Franciose Bradette Nimbley



Ragout de Pattes de Porc et Boulettes de Viande
(Pigs’ Feet Stew with Meatballs)

4.5 kg pigs’ feet
15 mL allspice
1 bay leaf
1 kg ground pork
500 g ground beef
1 onion, chopped
125 mL bread crumbs
10 mL dried parsley
1 mL ground ginger
Salt and pepper
75 mL all-purpose flour (approx)


In large saucepan, cover pigs’ feet with 1 L water. Add allspice and bay leaf. Bring to boil; cook for 1-1/2 hours. Skim off scum. Set aside pigs’ feet with cooking liquid.

In large bowl, mix together ground pork and beef, onion, bread crumbs, parsley, ginger, and salt and pepper to taste. Form into meatballs. Roll in shallow dish of flour to coat lightly.

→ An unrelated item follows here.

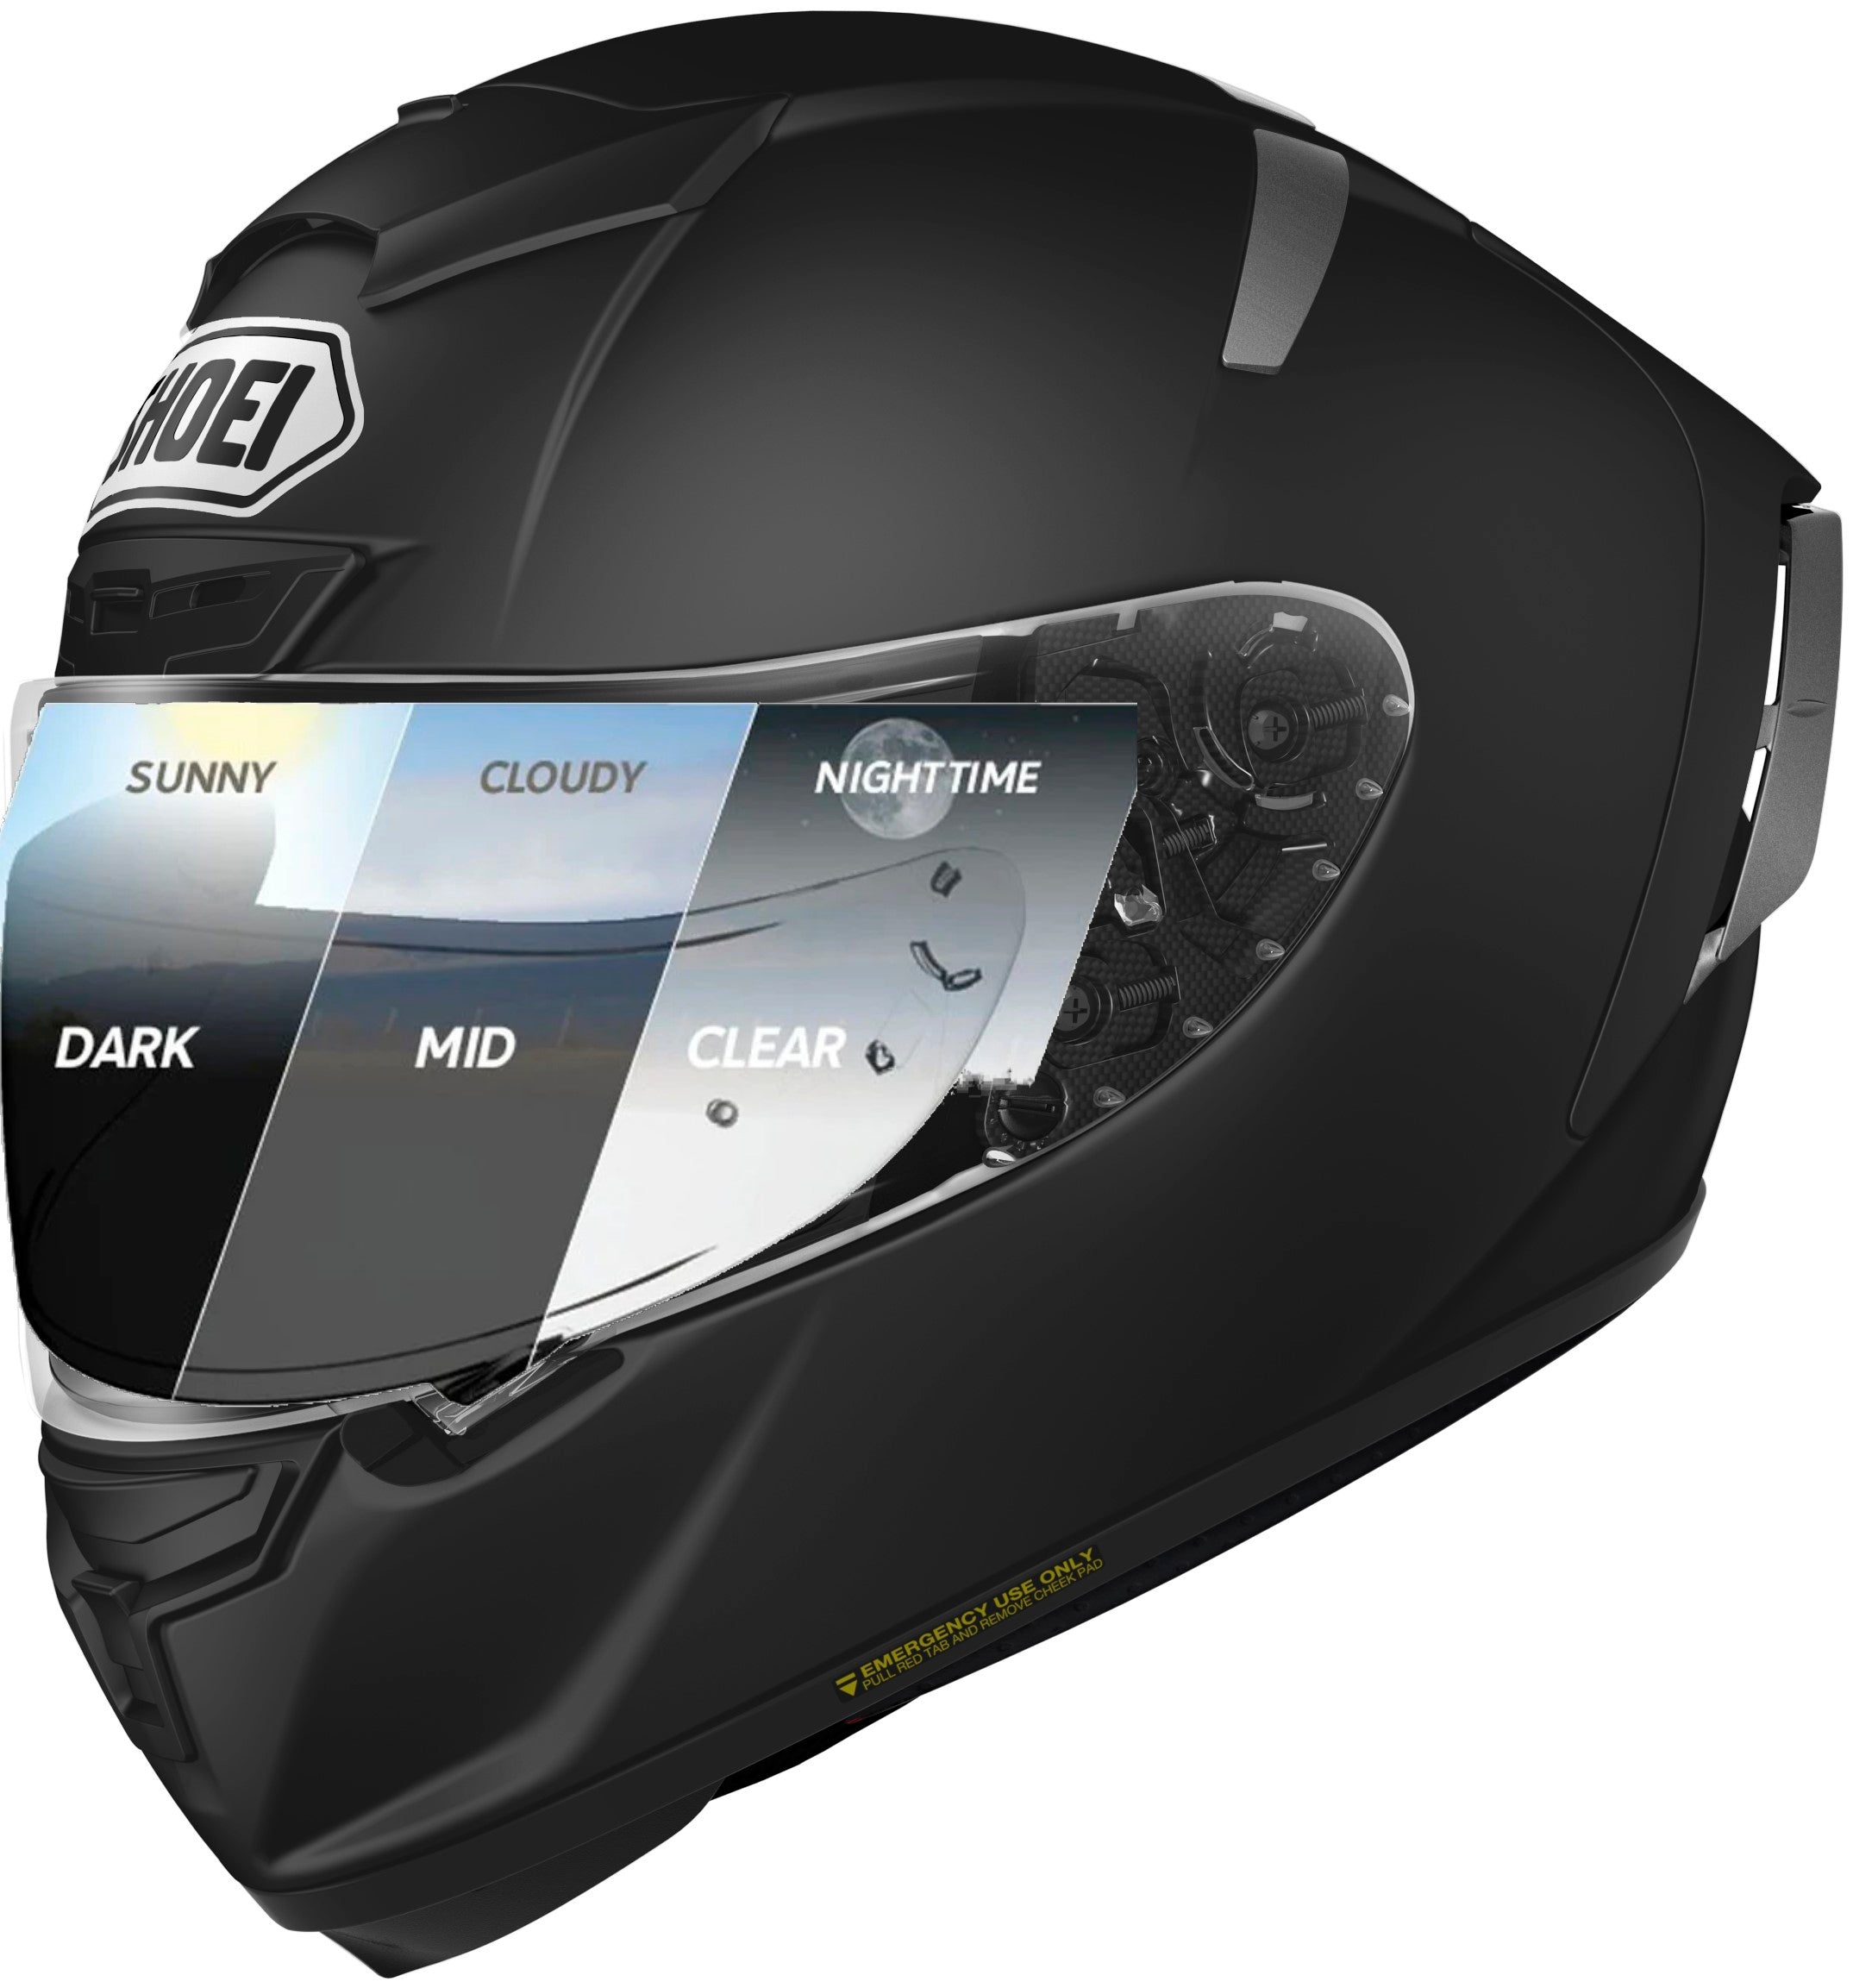 Cardo Spirit HD Bluetooth Headset Single – HelmetCountry.com

Remove meat from bone of pigs’ feet. Return meat to saucepan of cooking liquid, along with meatballs. Cook over medium heat for 30 minutes.

In skillet over medium heat, brown 75 mL flour, stirring. Stir in 3 to 4 cups water; gradually pour into saucepan and cook, stirring, for about 10 minutes or until stew is thickened. Remove bay leaf.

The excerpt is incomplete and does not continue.